Take the Greenland ice sheet. Glaciologists have spent many years studying this vast ice sheet with the potential to raise sea levels seven metres if it melted completely. In the past five years, study after study has warned that Greenland is melting faster than predicted.

Scientists have also learned that melting begets further melting because the melt water gets under the glaciers and lubricates and thus accelerates its ride into the sea.

No one, including the hundreds of experts involved with the IPCC, knows how fast the twin forces of gravity and lubrication could potentially move.

“We haven’t figured out how to include that in our models,” Sander added. “There is a big risk there.”

A one-metre sea level rise will expose 145 million people to flooding, mainly in Asia and small island nations. Economic costs could top 950 billion dollars, the report notes.

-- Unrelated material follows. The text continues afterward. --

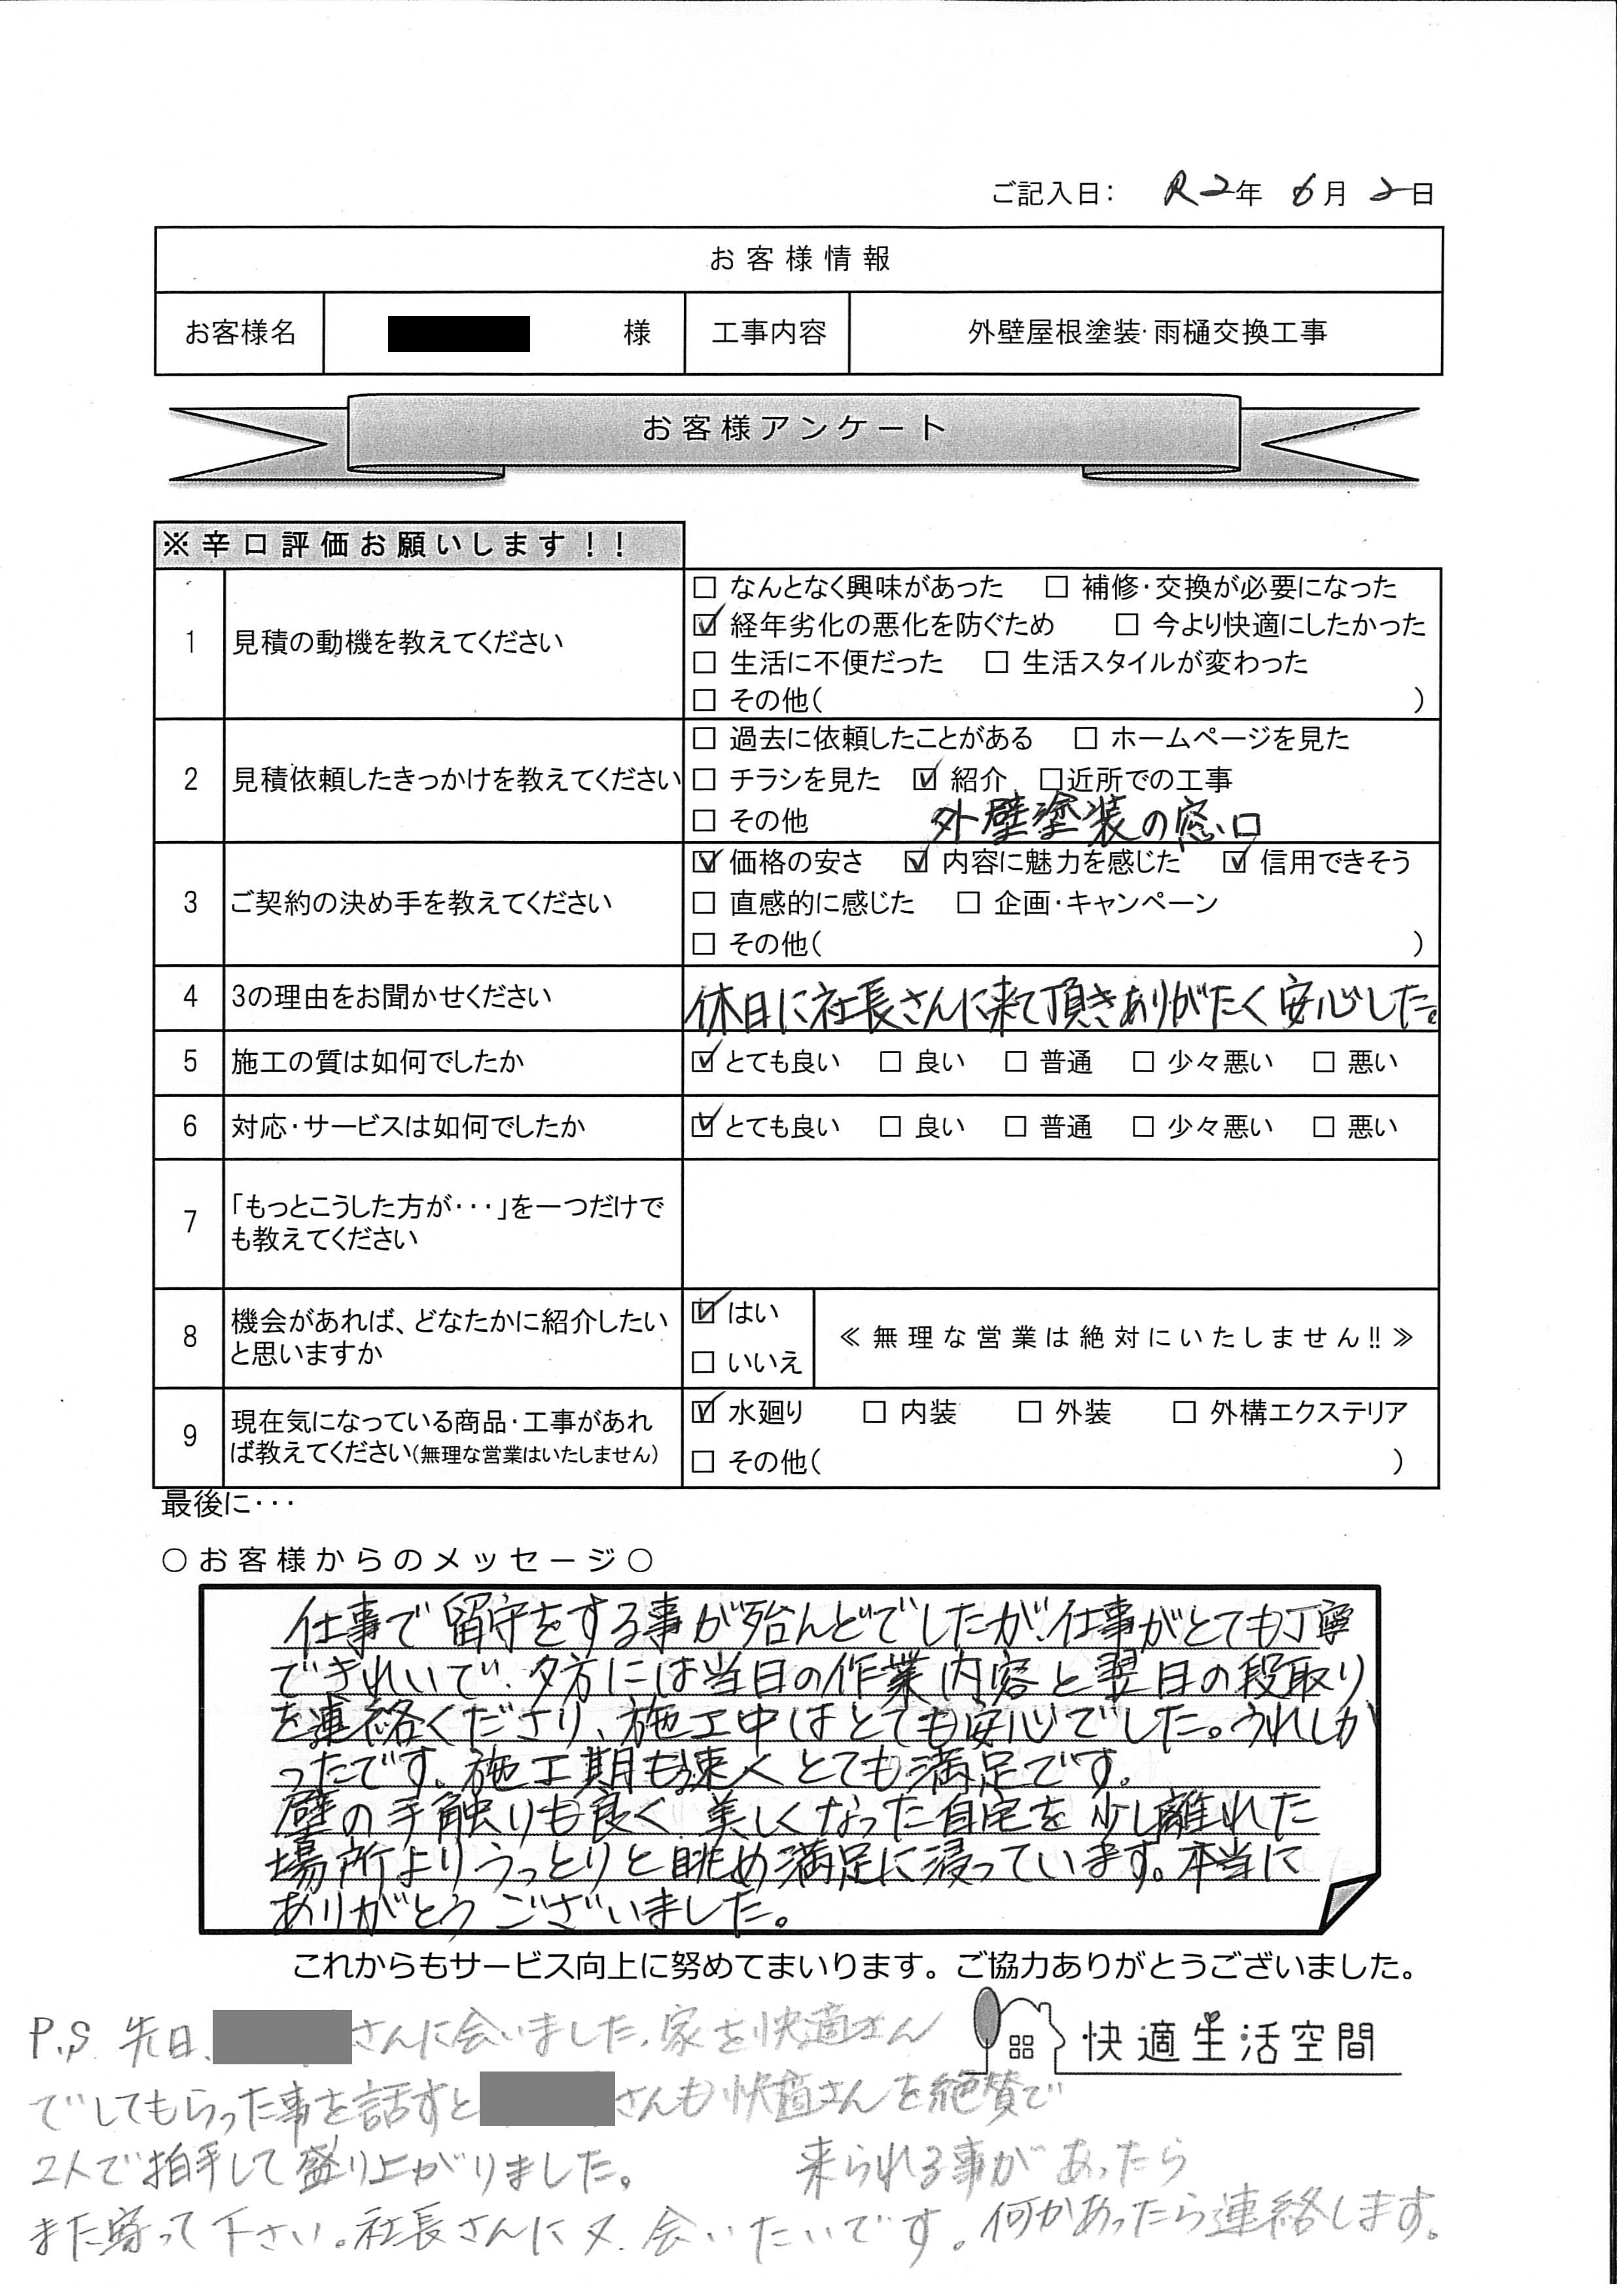 S様邸 外壁屋根塗装・雨樋交換工事アンケート

Officially, the IPCC predicts that that kind of sea level rise is 100 years off. However, many experts like Sander say the data collected in the last year indicate it will happen sooner. Getting a better estimate needs to be a high research priority for the global community, he says.

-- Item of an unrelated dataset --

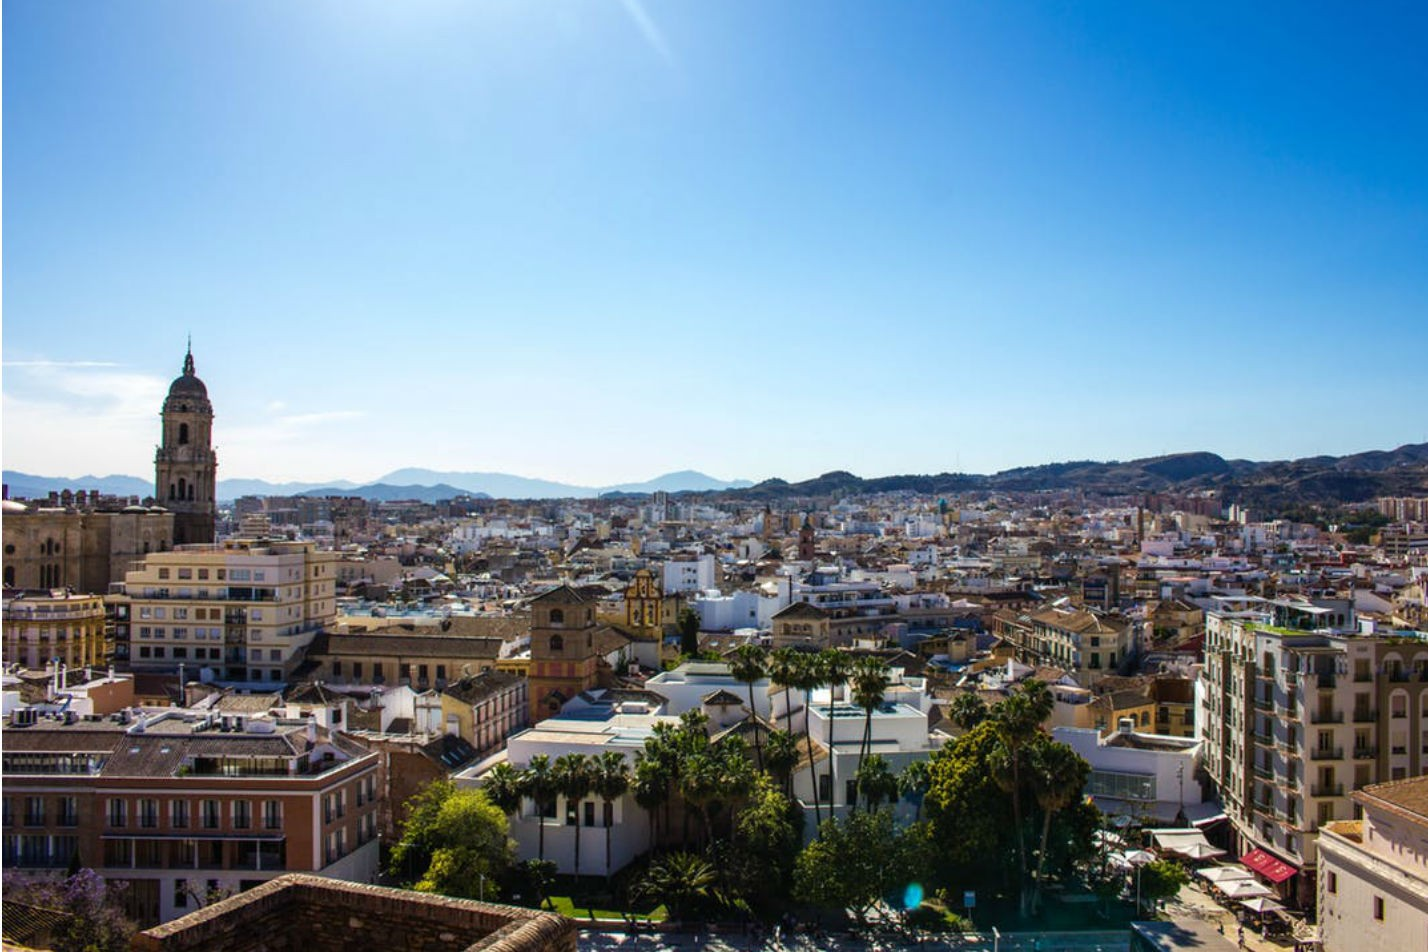 8 Europese steden met het lekkerste weer: Malaga

“(W)e lack the ability to predict how much the ice sheets will in the end contribute to this over the next 10 years let alone the next 50 years – all we can say is that their potential to dramatically increase sea levels is enormous and far above the current U.N. Intergovernmental Panel on Climate Change predictions,” said Pal Prestud of the Centre for International Climate and Environmental Research in Oslo.

“There are signs that these are breaking up, not just slowly melting, and to date we do not fully understand the processes behind this,” Prestud said in a statement.

Hopefully, it won’t happen as fast as the Arctic sea ice is melting.

Temperatures in the Arctic have risen faster than anywhere else, producing a clearly visible decline in sea ice of 8.9 percent per decade. Predictions for the first summer when the Arctic Ocean is ice-free have fallen from 2100 to 2050 in recent years, then 2040 and the latest as soon as 2027, says Sander.

“The latest data that we have is truly of great concern to all of us, not least because of the implications for sea level rise,” says Achim Steiner, head of the U.N. Environment Programme.

“Secondly, it’s going to affect human beings. We need to understand how their lives, the basis of their lives are going to change fundamentally and in some cases disappear,” Steiner said in a statement.

The report also details the varied ecological impacts. Around the world, the spring break-up of river and lake ice is happening earlier and earlier. And when high-altitude bodies of frozen water melt, they can trigger avalanches and floods moving at speeds close to that of a modern anti-tank missile, the report warns.

Ice formation on rivers and lakes is also a key factor controlling biological reproduction among many animal species and changes have consequences, although they are not well understood yet.

“Catastrophic declines” in Peary caribou living on the Arctic islands of North America are a result of unprecedented winter rains turning the ground into ice. The caribou are now considered endangered, the report notes.

While scientists continue to point out the present and future impacts of climate change, universal political action is missing, Steiner said.

“Today’s report should empower the public to take their leaders to task,” Steiner said, speaking at the launch of the report in Tromso.

Despite significant impacts on their own territories, Canada and the United States emit the most climate-altering gases and do the least to curb them, according to the World Wildlife Fund’s “Climate Scorecard” released Monday in advance of the G8 summit in Germany.

The scorecards compared recent and expected emissions, and key response activities on climate change. While Germany, France and Britain topped the list, none of the G8 – the world’s richest and most industrialised countries – are doing nearly enough to reduce emissions to avoid catastrophic impacts, WWF representatives said in a statement

“This is an issue of equity between generations,” said Sander. “If we don’t dramatically reduce emissions, we will create a large, large burden on future generations to cope with.”